Global-Local Regularization Via Distributional Robustness

July 25, 2023

1. Introduction

As the Wasserstein (WS) distance is a powerful and convenient tool of measuring closeness between distributions, Wasserstein Distributional Robustness (WDR) has been one of the most widely-used variants of DR. Here we consider a generic Polish space $S$ endowed with a distribution $\mathbb{P}$ . Let $r:S\to\mathbb{R}$ be a real-valued (risk) function and $c:S\times S\to \mathbb{R}_{+}$ be a cost function. Distributional robustness setting aims to find the distribution $\tilde{\mathbb{P}}$ in the vicinity of $\mathbb{P}$ and maximizes the risk in the expectation form [1, 2]:

$\sup_{\mathbb{\tilde{P}}:\mathcal{W}_{c}\left(\mathbb{P},\mathbb{\tilde{P}}\right)<\epsilon}\underset{\tilde{Z}\sim\mathbb{\mathbb{\tilde{P}}}}{\mathbb{E}}\left[r\left(\tilde{Z}\right)\right],$

where $\epsilon>0$ and $\mathcal{W}_{c}\left(\mathbb{P},\mathbb{\mathbb{\tilde{P}}}\right):=\inf_{\gamma\in\Gamma\left(\mathbb{P},\mathbb{\tilde{P}}\right)}\int cd\gamma$ denotes an optimal transport (OT) or a WS distance with the set of couplings $\Gamma\left(\mathbb{P},\mathbb{\mathbb{\tilde{P}}}\right)$ whose marginals are $\mathbb{P}$ and $\mathbb{\tilde{P}}$ .
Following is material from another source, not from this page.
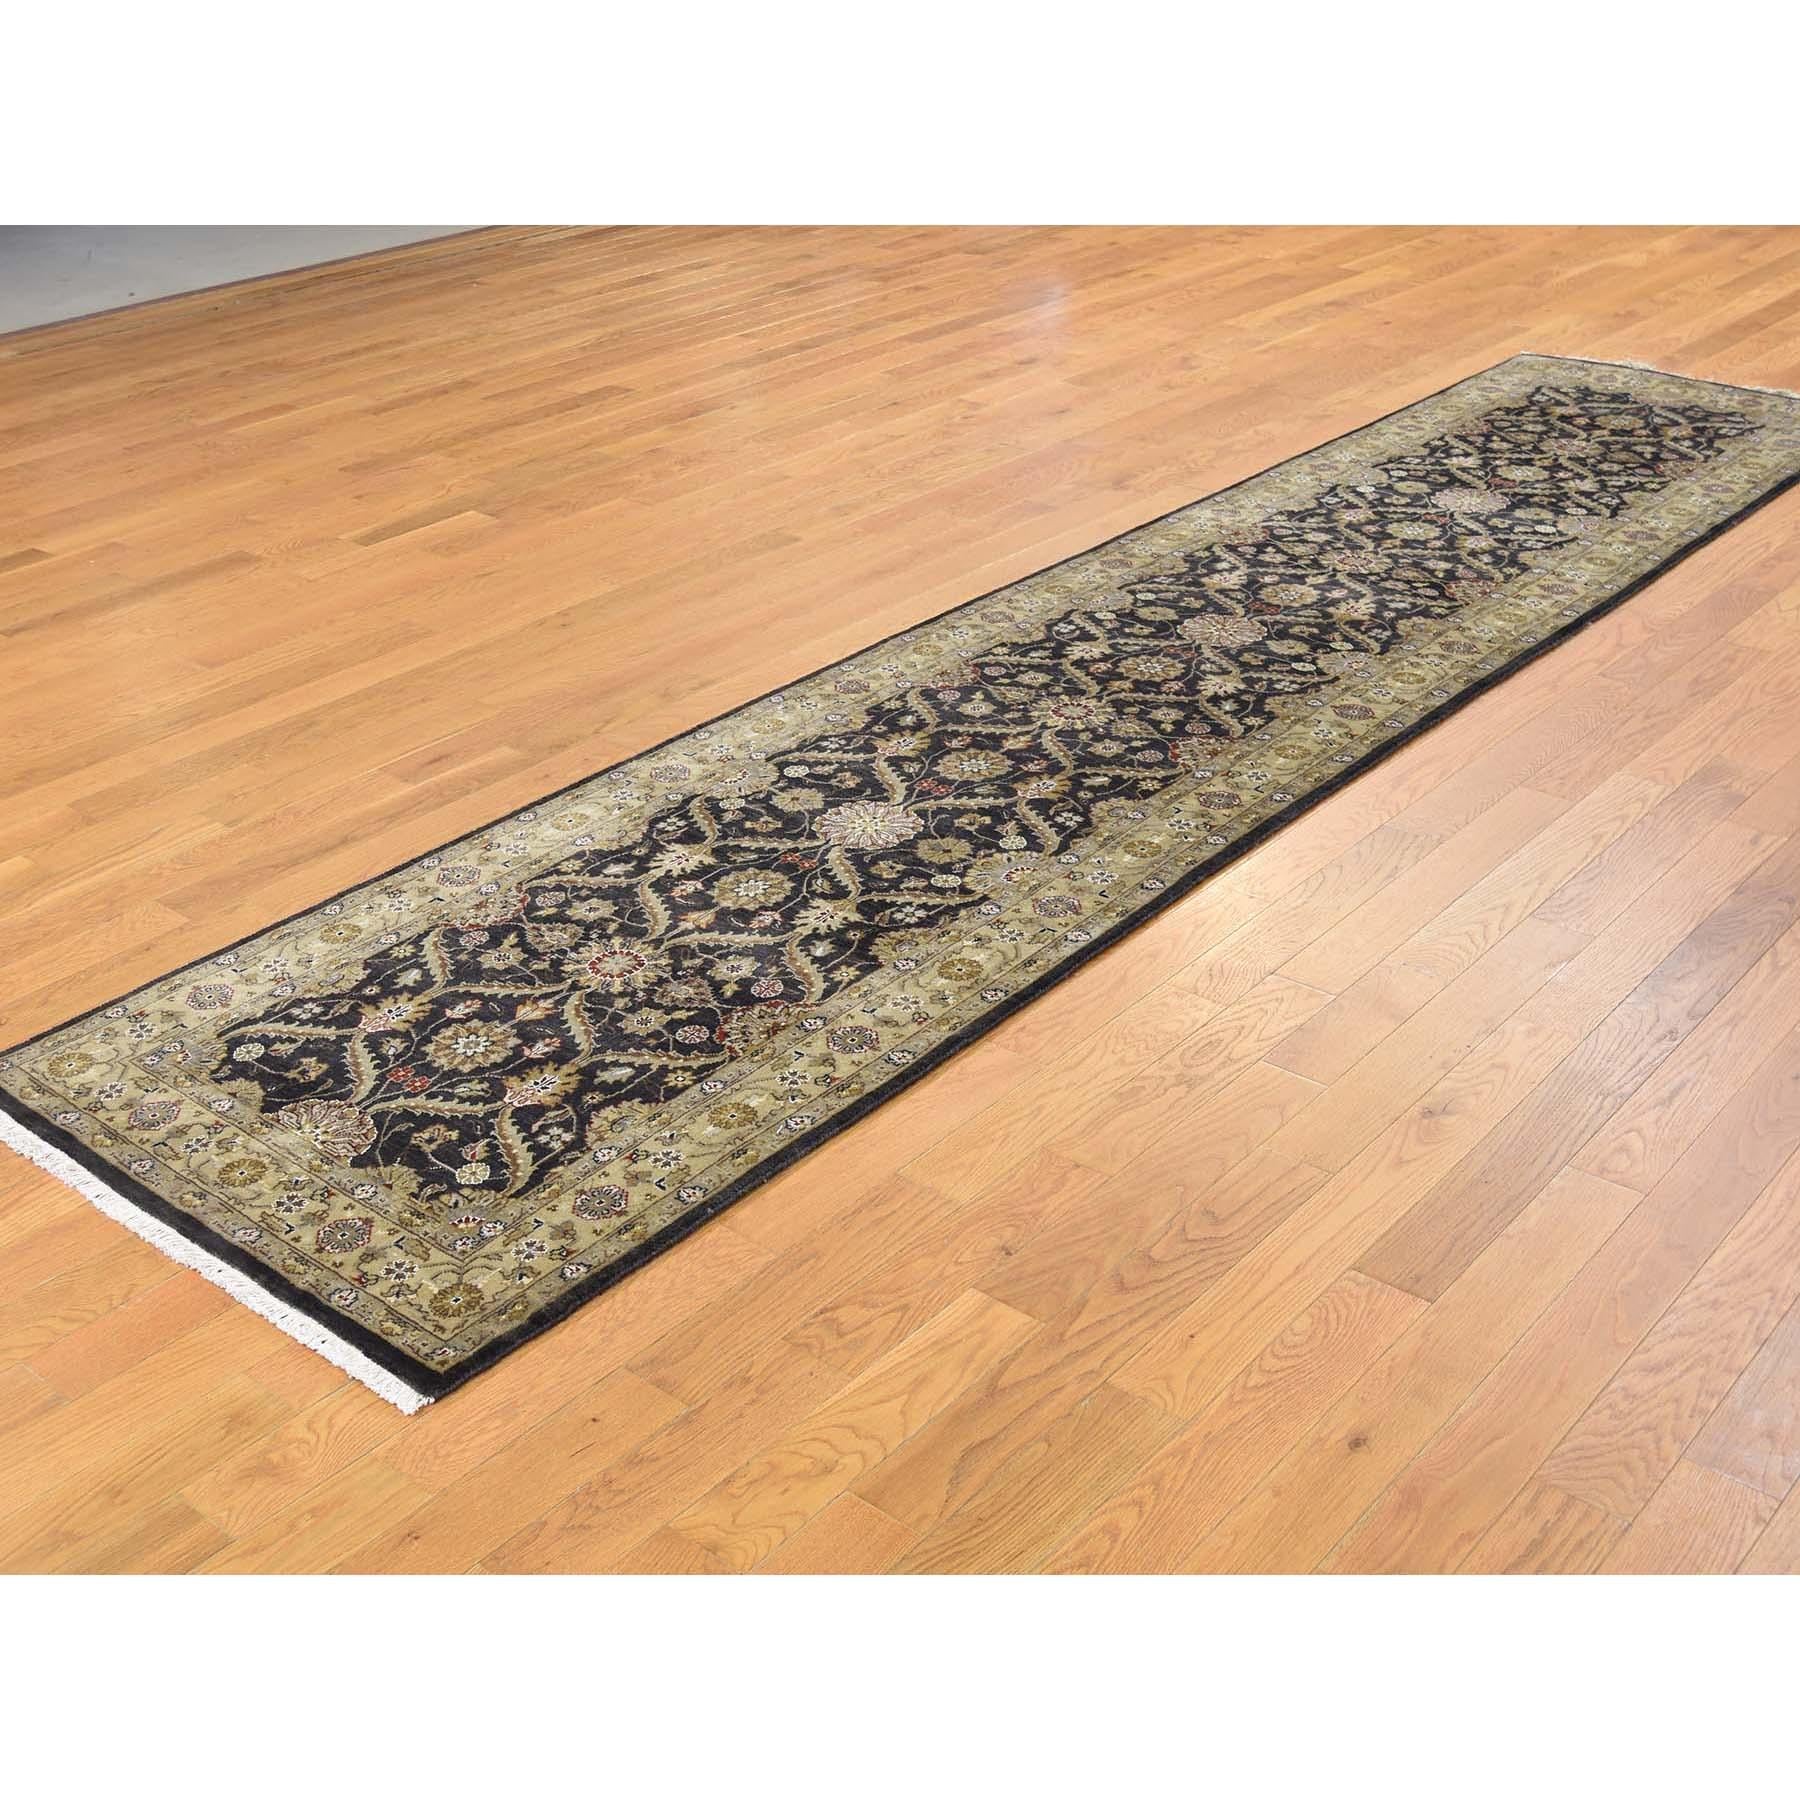 Other Hereke Design Wool and Silk Hand Knotted 300 Kpsi Runner Rug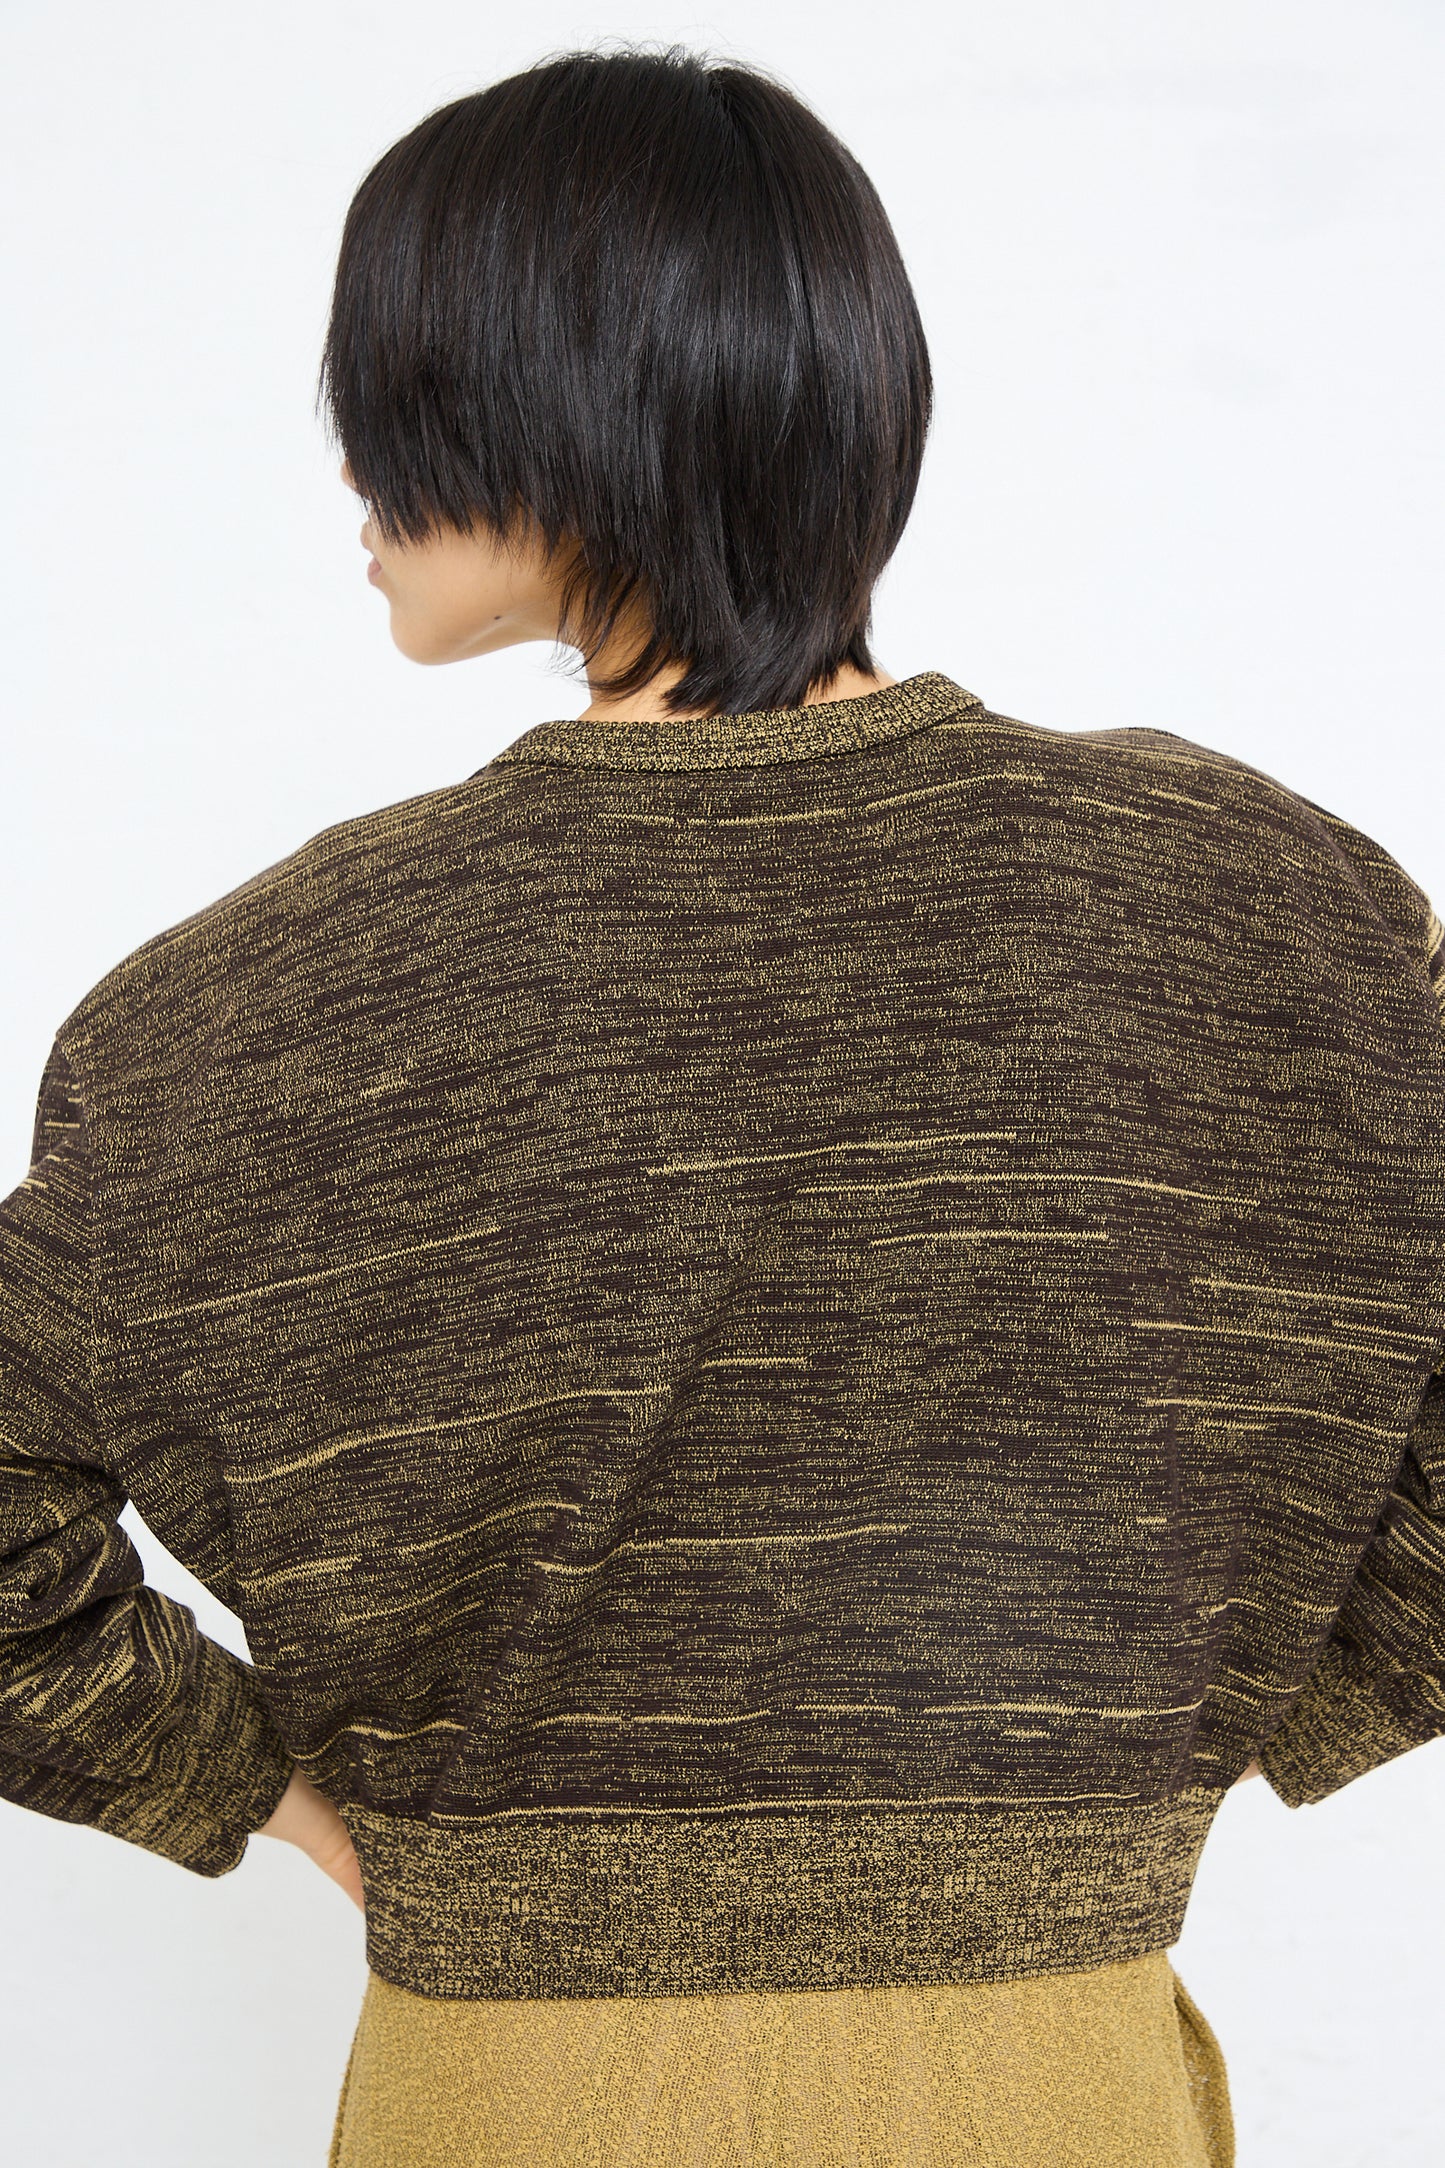 A person from behind wearing a Veronique Leroy multi-color knit, textured gold and black Cotton Boxy Sweater in Pepper with a cropped, dark hairstyle.

Direct optimization over the set of distributions $\tilde{\mathbb{P}}$ is often computationally intractable except in limited cases, we thus seek to cast this problem into its dual form. With the assumption that $r\in L^{1}\left(\mathbb{P}\right)$ is upper semi-continuous and the cost $c$ is a non-negative and continuous function satisfying $c(Z,\tilde{Z})=0\text{ iff }Z=\tilde{Z}$ , [1, 2] showed the dual form is:

$\inf_{\lambda\geq0}\left\{ \lambda\epsilon+\mathbb{E}_{Z\sim\mathbb{P}}[\sup_{\tilde{Z}}\left\{ r\left(\tilde{Z}\right)-\lambda c\left(\tilde{Z},Z\right)\right\} ]\right\}.$

When applying DR to the supervised learning setting, $\tilde{Z}=\left(\tilde{X},\tilde{Y}\right)$ is a pair of data/label drawn from $\mathbb{\mathbb{\tilde{P}}}$ and $r$ is the loss function [1, 2]. The fact that $r$ engages only $\tilde{Z}=\left(\tilde{X},\tilde{Y}\right)\sim\mathbb{\tilde{P}}$ certainly restricts the modeling capacity of the above equation. The reasons are as follows. Firstly, for each anchor $Z$ , the most challenging sample $\tilde{Z}$ is currently defined as the one maximizing $\sup_{\tilde{Z}} \left\{r(\tilde{Z}) - \lambda c(Z, \tilde{Z}) \right\}$ , where $r(\tilde{Z})$ is inherited from the primal form. Hence, it is not suitable to express the risk function $r$ engaging both $Z$ and $\tilde{Z}$ (e.g., Kullback-Leibler divergence $KL\left(p\left(\tilde{Z}\right)\Vert p(Z)\right)$ between the predictions for $Z$ and $\tilde{Z}$ as in TRADES [3]). Secondly, it is also \emph{impossible} to inject a \emph{global regularization term} involving a batch of samples $\tilde{Z}$ and $Z$ .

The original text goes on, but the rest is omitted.